À la lumière des informations partagées précédemment, on constate que le plein engagement dans la cocréation, de l’idéation à la diffusion du projet, a entrainé les enseignants et les élèves dans une gestion constante de la négociation. Si cela a gêné l’aboutissement de la production, cette exploration a tout de même généré, tant pour les apprenants que les enseignants, des pistes très riches qui ont permis d’entrevoir de multiples façons de mobiliser des ressources multimodales.

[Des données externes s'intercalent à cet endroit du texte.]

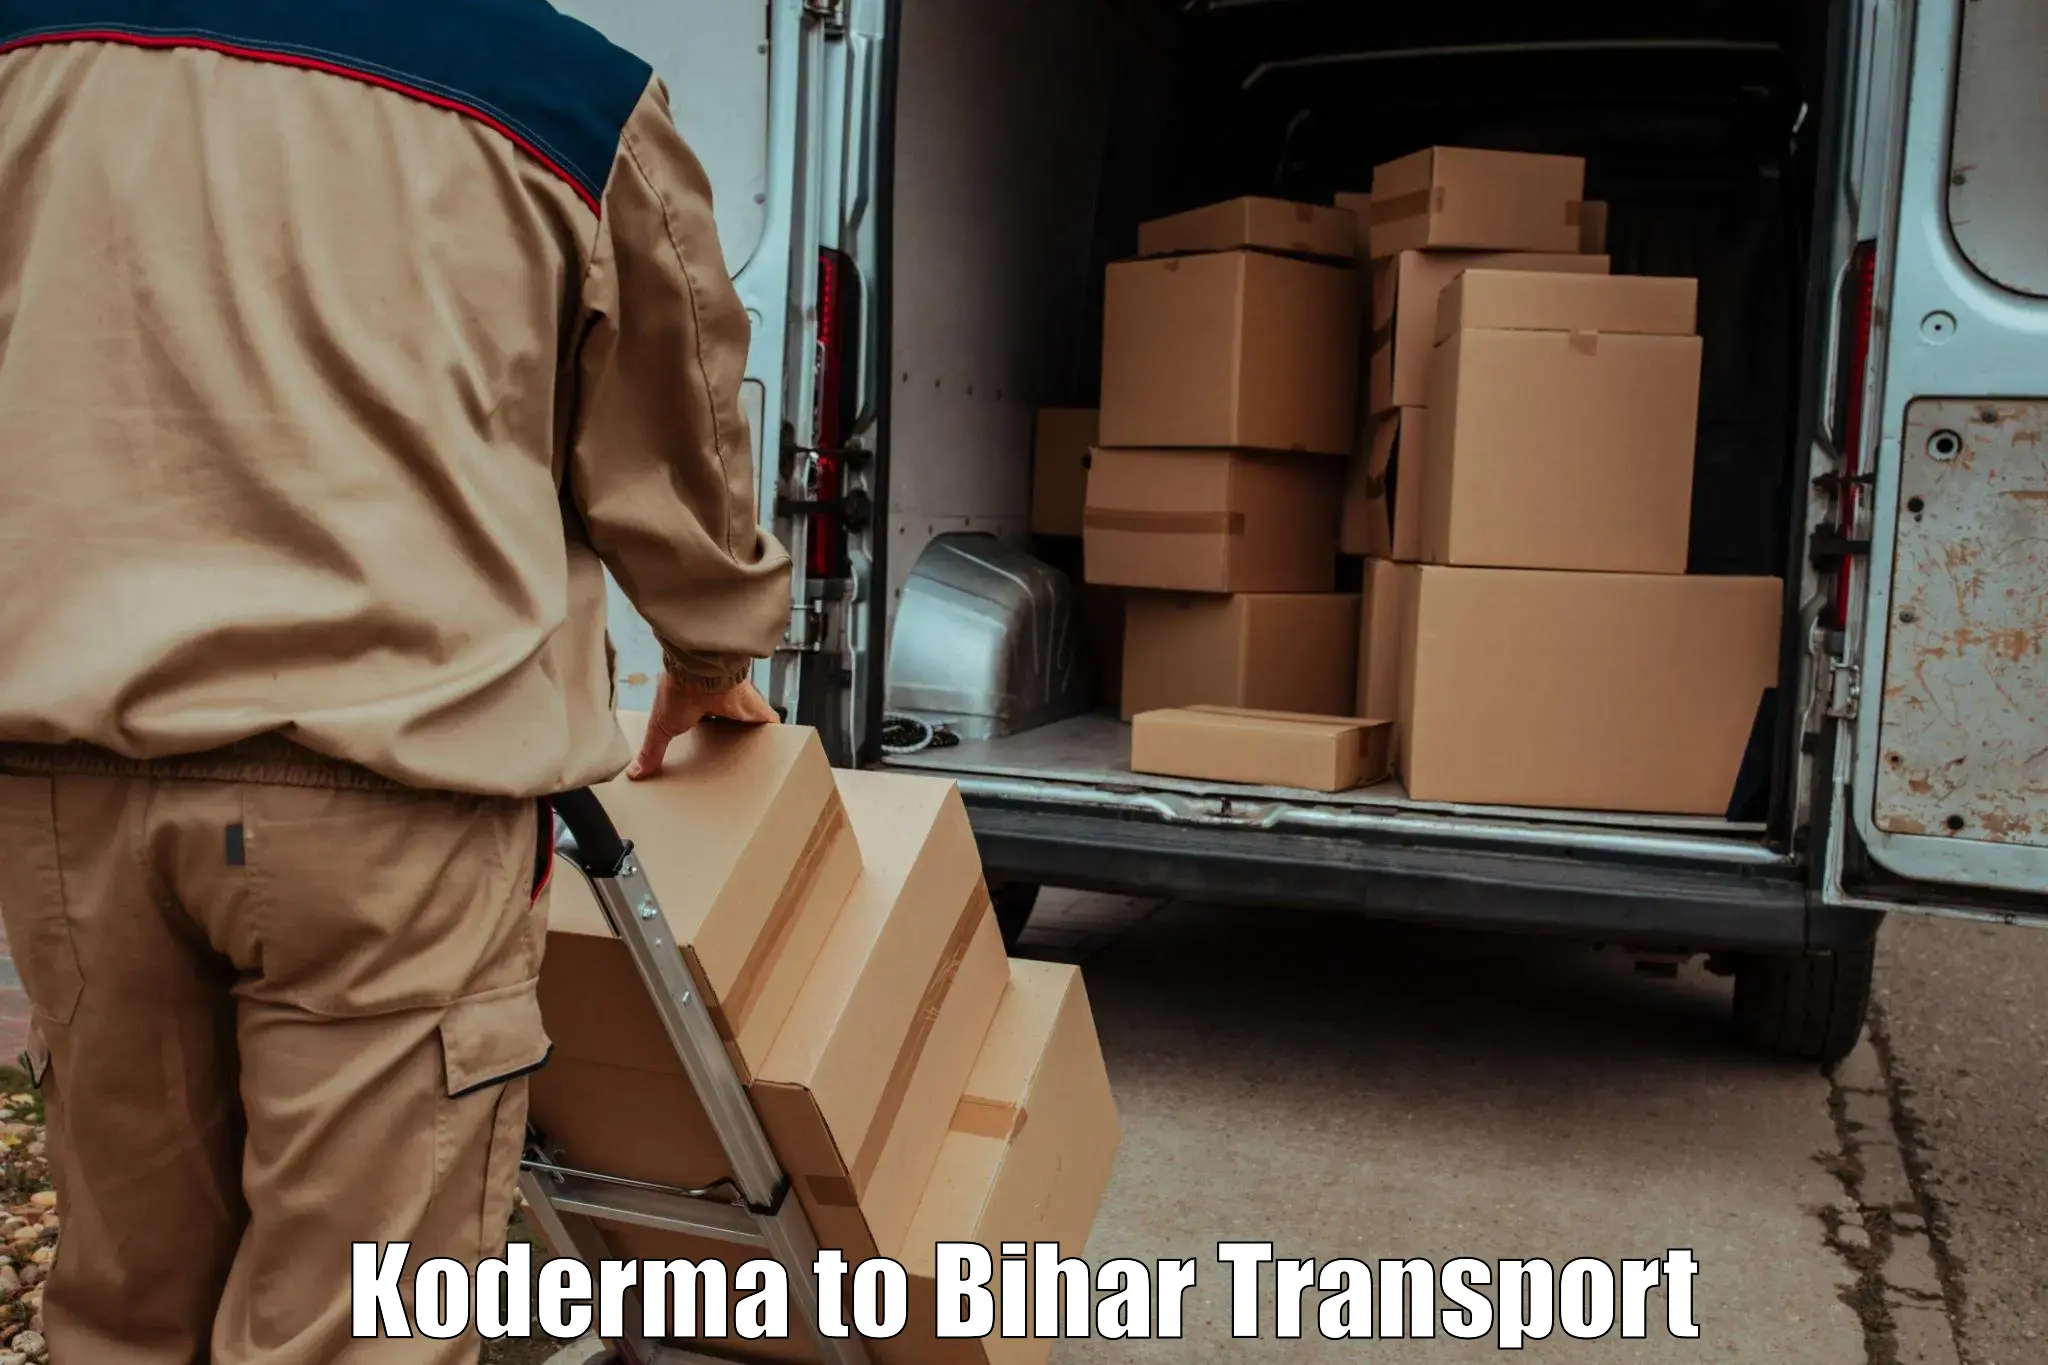 Online transport service in Koderma to Aurangabad Bihar

On peut penser à la réalité virtuelle qui sollicite à la fois les modes visuel, spatial et cinétique, à la conception et à la réalisation de sous-quêtes qui s’arriment à l’identification d’indices textuels, visuels, graphiques et sonores, et à la réalité augmentée qui incite à la mobilisation du corps dans l’espace, faisant ainsi appel aux modes spatial, tactile et kinesthésique.
Ce jeu de quête destiné aux futurs élèves de l’école, pour leur permettre de découvrir leur nouveau milieu, faisait surtout appel à la compétence cognitive, mais aussi affective. Les élèves devaient produire un message multimodal en structurant à l’écrit une quête et l’incorporer à des indices visuels et sonores intégrés dans l’espace virtuel, soit la photosphère, dans le but de susciter à la fois l’engagement, le traitement critique de l’information, le plaisir ludique et l’expérience esthétique des participants. Des compétences pragmatiques ont également été mobilisées : les élèves devaient anticiper le contexte de réception, c’est-à-dire comment les visiteurs allaient saisir les liens entre les espaces réels (les lieux visités dans l’école) et les lieux virtuels construits à partir d’éléments à la fois réels et fictifs. L’élaboration du projet a aussi sollicité les compétences modales (écriture de quêtes, création d’espaces par la photographie) et les compétences multimodales (l’agencement des quêtes aux espaces visuels virtuels tout cela attaché par un code QR). Somme toute, plusieurs compétences en LMM ont été mobilisées par ce projet en contexte numérique, mais les compétences critiques et évaluatives n’ont pu l’être faute de temps.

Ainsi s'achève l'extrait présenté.